International clinical trials setting for rare cancers: organisational and regulatory constraints—the EORTC perspective

Rare diseases are a serious public health problem that presents unique challenges to many countries. There is no internationally accepted definition for rare diseases. Patients suffering from rare cancers often face challenges, including late or incorrect diagnoses, difficulties finding clinical expertise and accessing appropriate treatments, and uncertainty in clinical decision making, with difficult and rare access for these patients to clinical trials. Treatment choice is difficult as little information is available in the literature.
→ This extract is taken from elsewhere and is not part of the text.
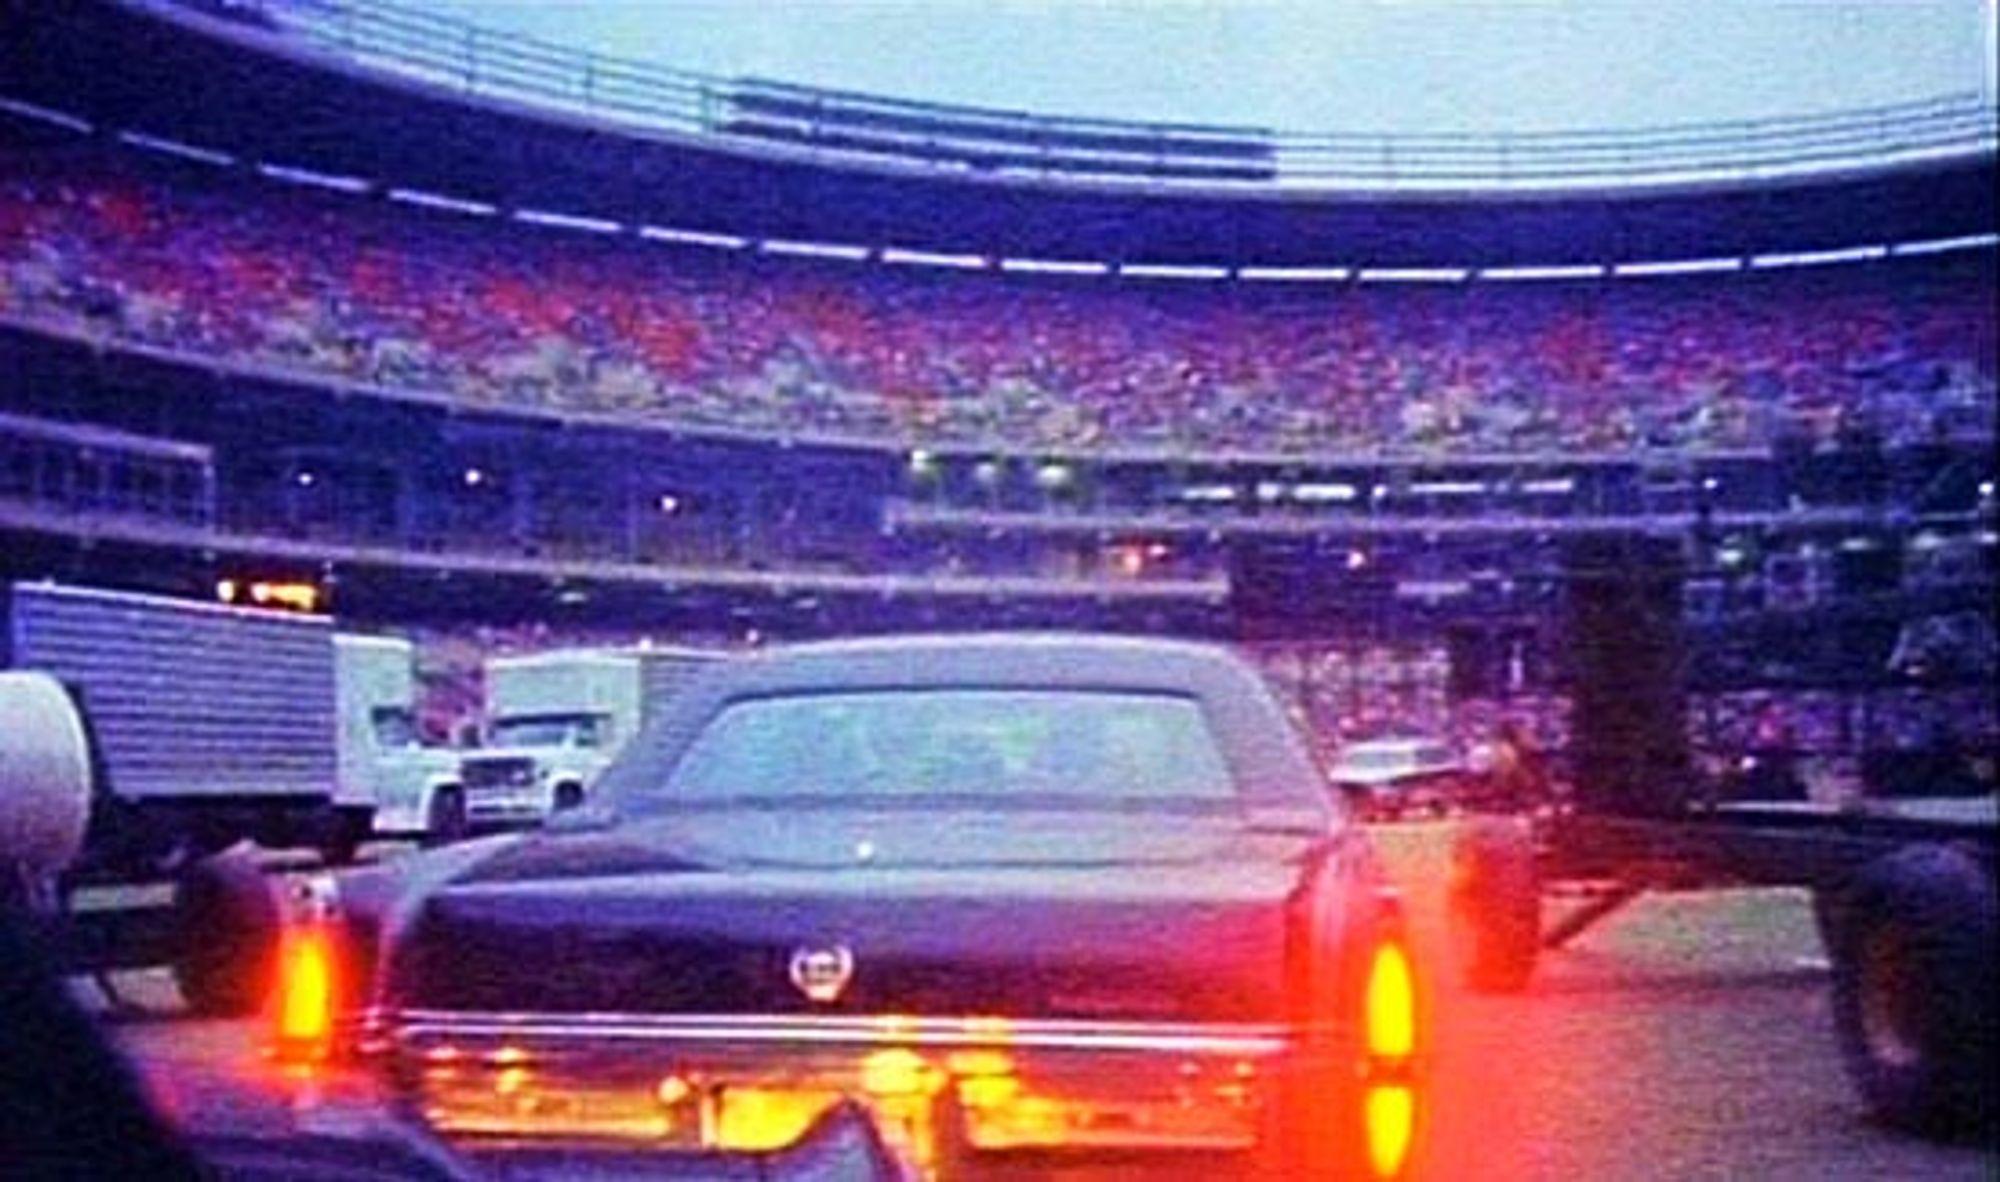 Verdens da største rockeband ankommer stadion standsmessig.

In such situations, clinicians will base treatment decisions on retrospective data or case report series with a lower scientific level of evidence than that obtained from randomised controlled clinical trials. The only way forward is clinical trials organisation, but to perform it within rare indications we are always faced with many methodological, regulatory, and organisational challenges, besides stakeholders’ different views, which are not usually concurrent. The aims of the European Organisation for Research and Treatment of Cancer (EORTC) are to develop, conduct, coordinate, and stimulate translational and clinical research in Europe to improve the management of cancer and related problems by increasing survival but also patient quality of life. In particular, extensive and comprehensive research in the field of rare cancers is beyond the means of individual European hospitals and can be best accomplished through the multidisciplinary multinational efforts of basic scientists and clinicians. In this paper, we will present an overview of the clinical research scene for rare cancers and will try to propose possible steps to improve the current situation.